# Multi-Fidelity Hyperparameter Optimization with Keras

[![Open In Colab](https://colab.research.google.com/assets/colab-badge.svg)](https://colab.research.google.com/github/deephyper/tutorials/blob/main/tutorials/colab/HPS_basic_classification_with_tabular_data/notebook.ipynb)

In this tutorial we present how to use hyperparameter optimization on a basic example from the Keras documentation. We follow the previous tutorial based on the same example and add multi-fidelity to it. The purpose of multi-fidelity is to dynamically manage the budget allocated (also called fidelity) to evaluate an hyperparameter configuration. For example, when training a deep neural network the number of epochs can be continued or stopped based on currently observed performance and some policy.
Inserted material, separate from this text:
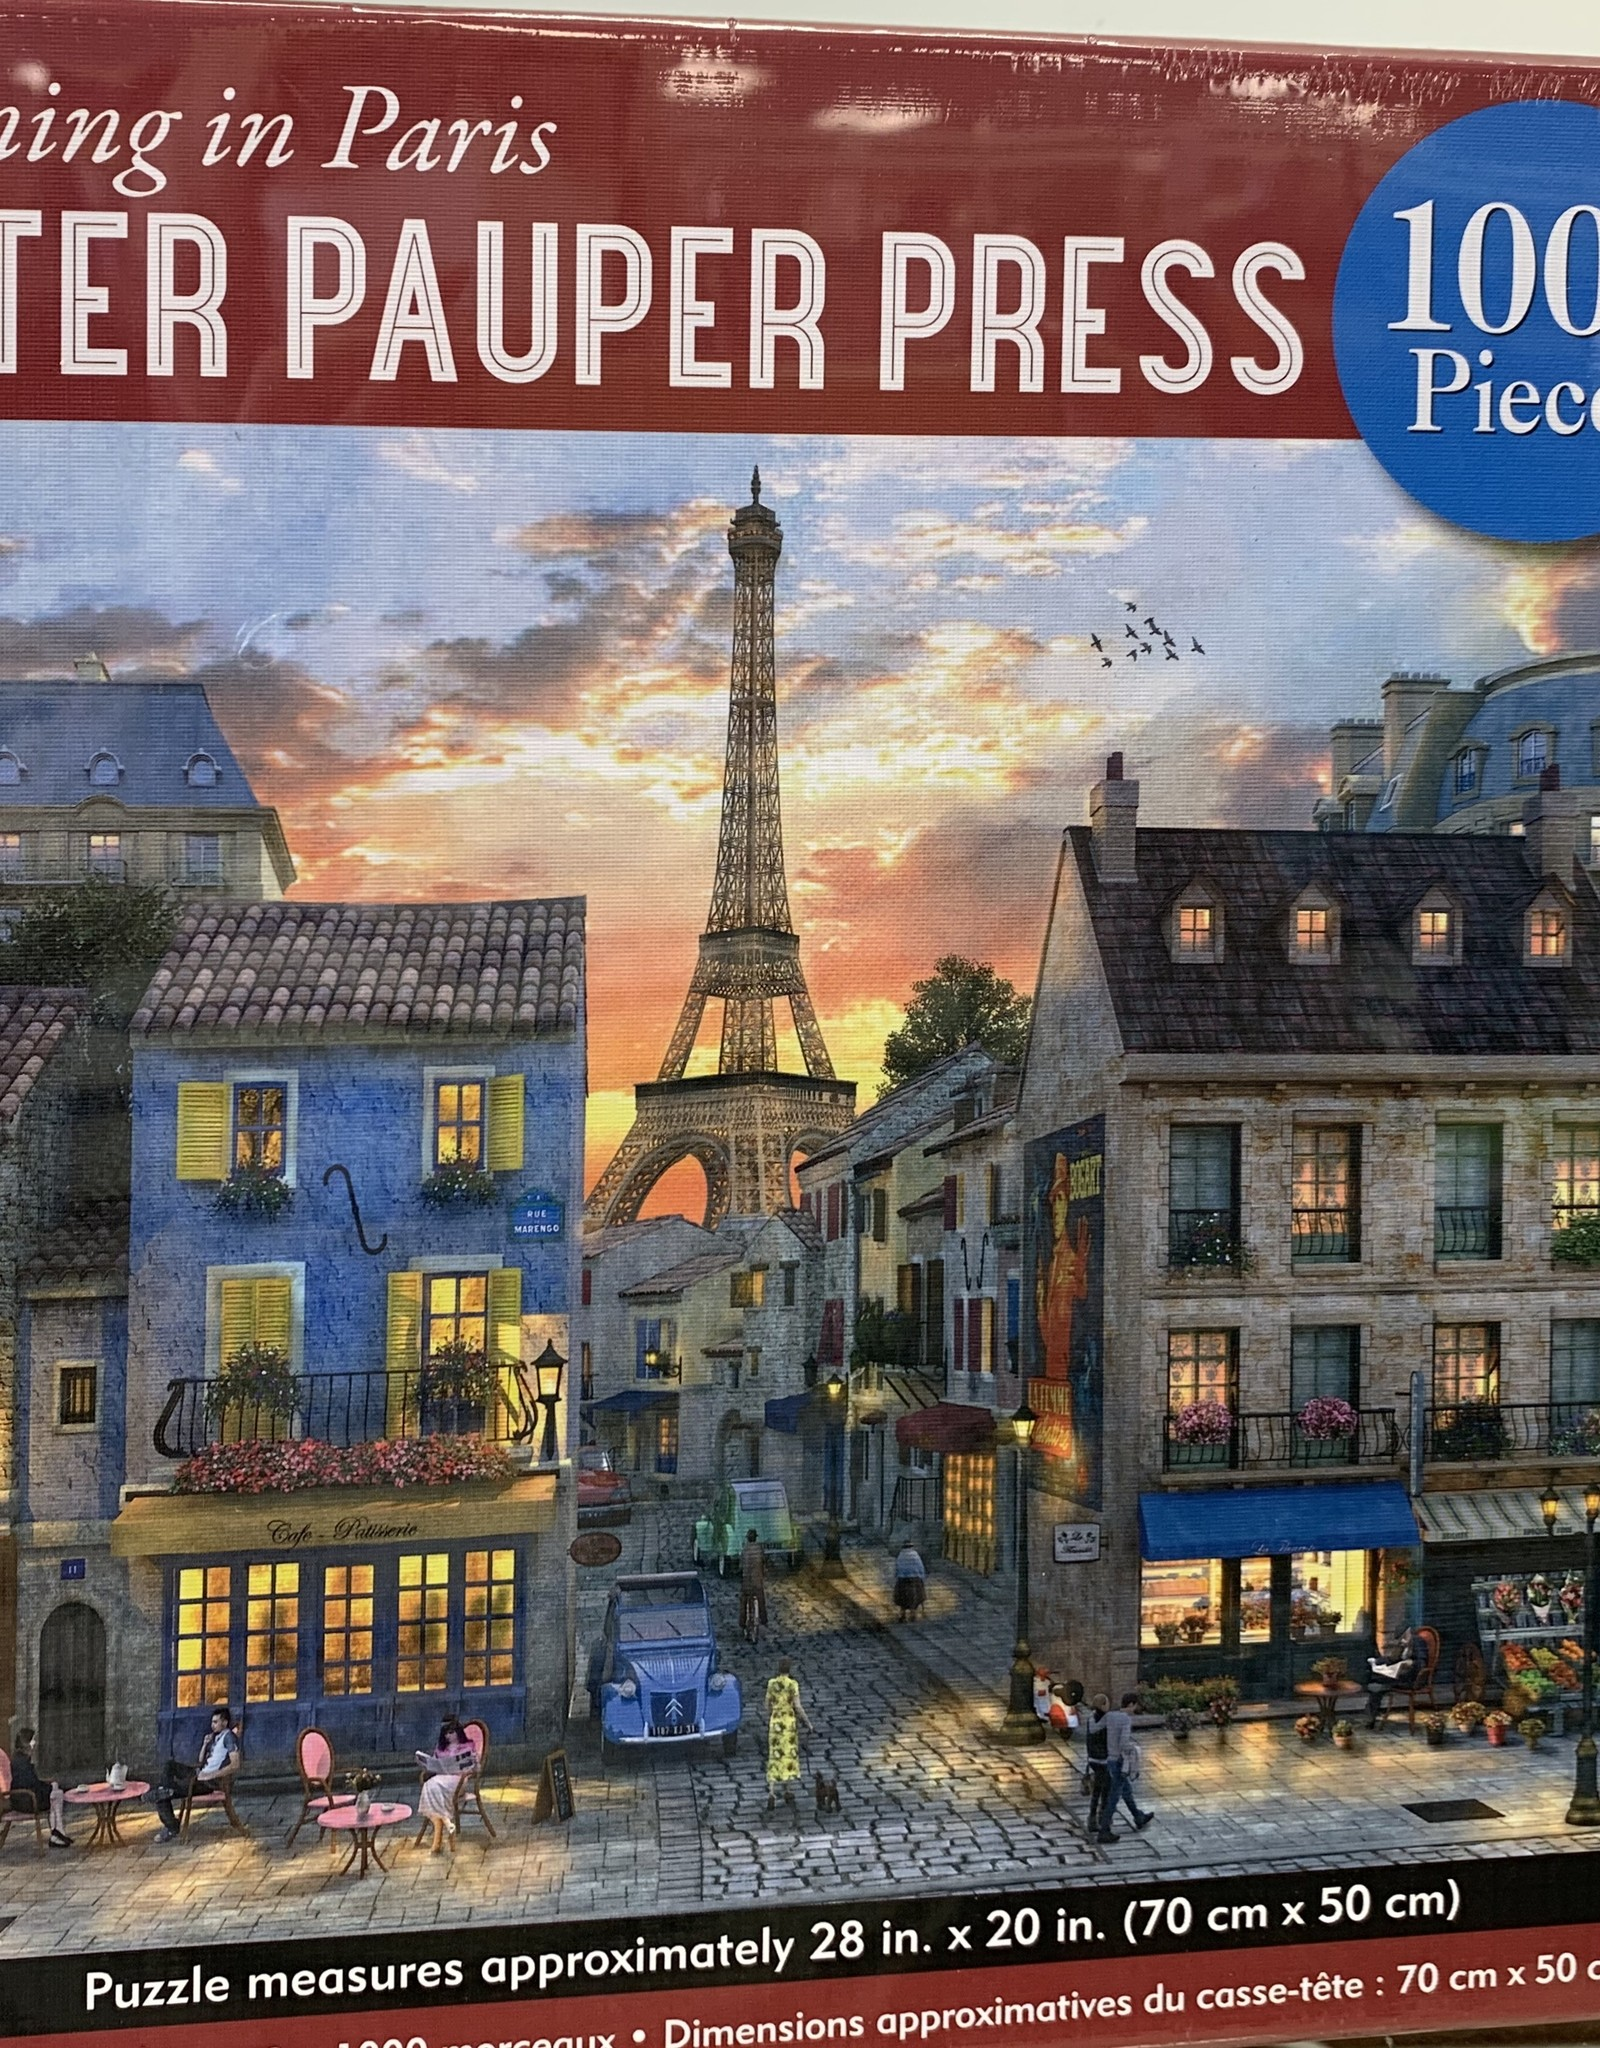 WHITE MOUNTAIN PUZZLES, INC. 1000 pc Reader's Paradise Puzzle

In DeepHyper, the multi-fidelity agent is designed separately from the hyperparameter search agent. Of course, both can communicate but from an API perspective they are different objects. The multi-fidelity agents are called `Stopper` in DeepHyper and their documentation can be found at [deephyper.stopper](https://deephyper.readthedocs.io/en/latest/_autosummary/deephyper.stopper.html). 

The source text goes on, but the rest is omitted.